Social Explorer includes a wide range of demographic, economic, social, environmental, and thematic datasets. When a user submits a question, the AI Assistant automatically selects the dataset that can produce the most accurate, complete, and reliable answer. This decision is based on geographic requirements, variable availability, time coverage, and methodological consistency.
How the AI Selects a Dataset
The AI first evaluates the geographic level requested. Some datasets support only certain geographies. For example, ACS 1-year estimates are available only for larger populations, while ACS 5-year estimates support all geographic levels, including census tracts and block groups. For small or detailed areas, the AI selects datasets that provide full coverage.
Next, the AI checks which datasets contain the required variables. Many variables exist only in specific tables or only for certain years. If a variable is not available in a 1-year dataset, the AI automatically switches to a 5-year dataset or another appropriate source.
If a year or multi-year comparison is requested, the AI selects datasets that support compatible timeframes and survey methodologies to ensure valid comparisons. For non-ACS topics such as crime, health, or environmental data, the AI selects relevant datasets from the broader Social Explorer Data Library.
Examples of Dataset Selection
If a user asks for the population of Miami in 2020, the AI selects ACS 2020 5-year estimates for full city coverage. If a user compares median income between Los Angeles and New York in 2022, the AI uses the ACS 2022 1-year estimates when both cities qualify. For median income by census tract in Cook County, the AI selects ACS 5-year estimates because tract-level data is not available in 1-year datasets.

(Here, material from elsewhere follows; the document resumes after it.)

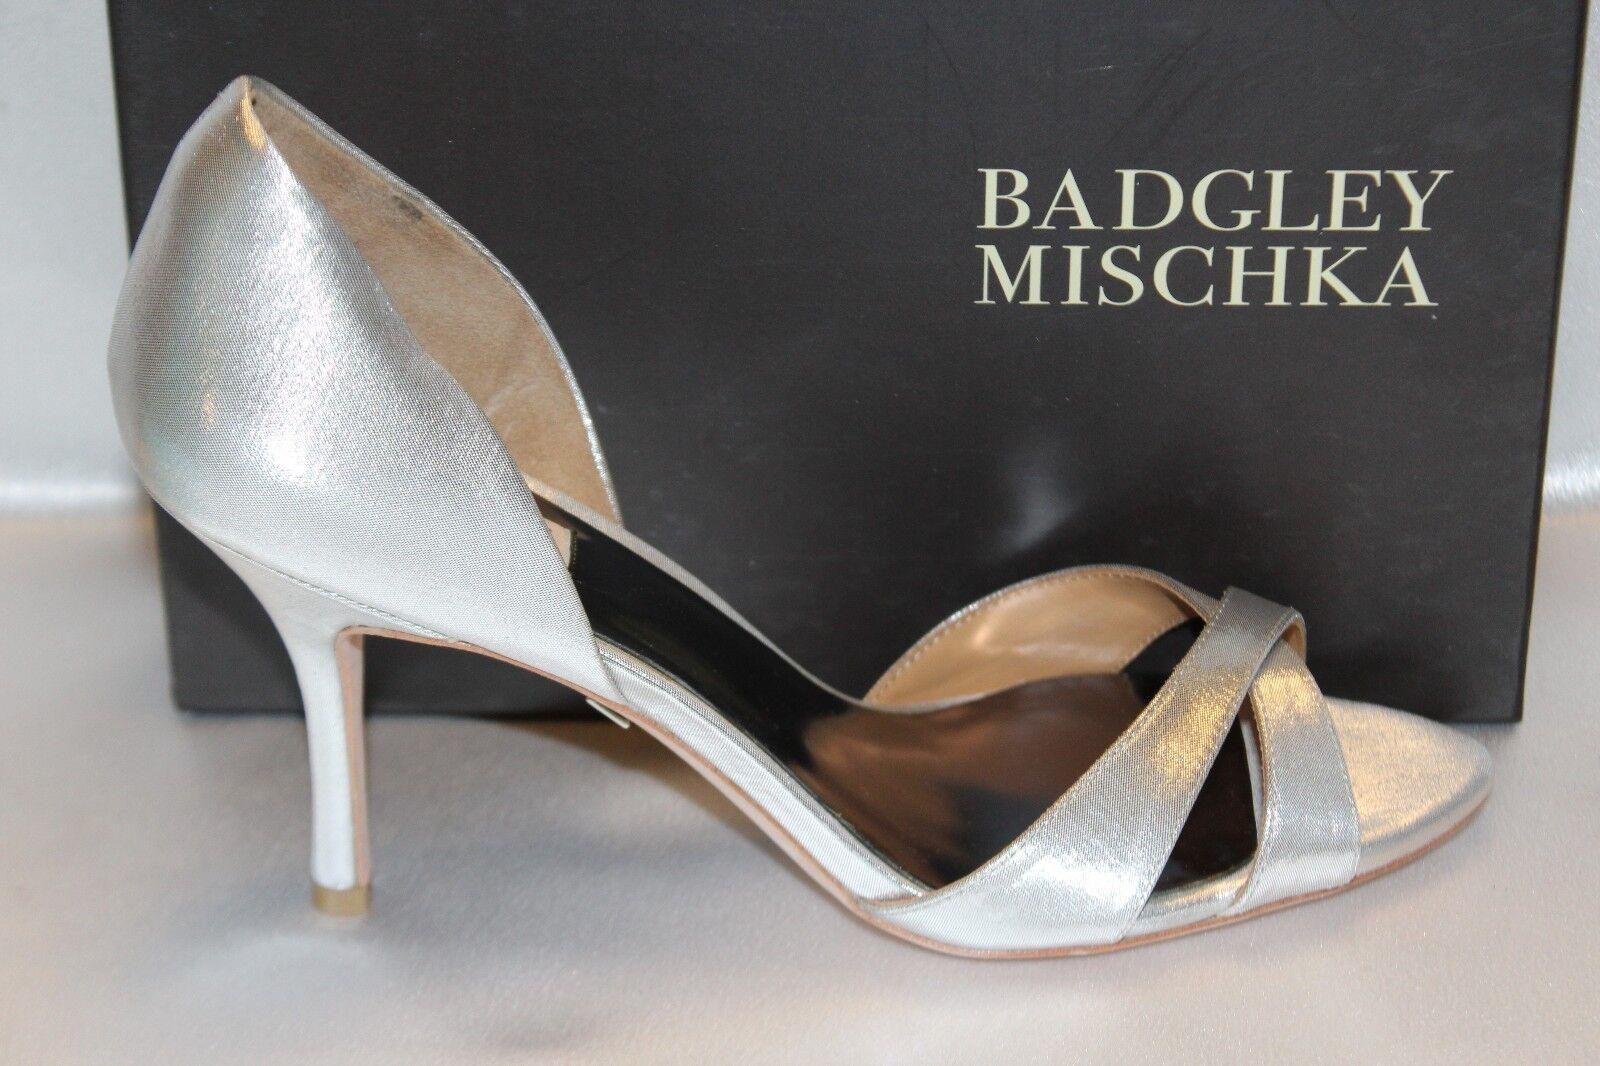 NEW  BADGLEY MISCHKA MISCHKA MISCHKA Silver MYSTERY Heels Open Toe Formal Bridal Schuhes 10 198 69f055

Fallback Logic and Transparency
When the initially selected dataset cannot fulfill the request, the AI applies fallback rules. This may include switching from 1-year to 5-year data, adjusting the geographic level, selecting an alternative variable, or explaining why the request cannot be completed.
Every AI response includes a Sources panel showing the dataset, table, variables, geography, and relevant methodology notes. This ensures complete transparency, allowing users to understand and verify how the dataset was selected.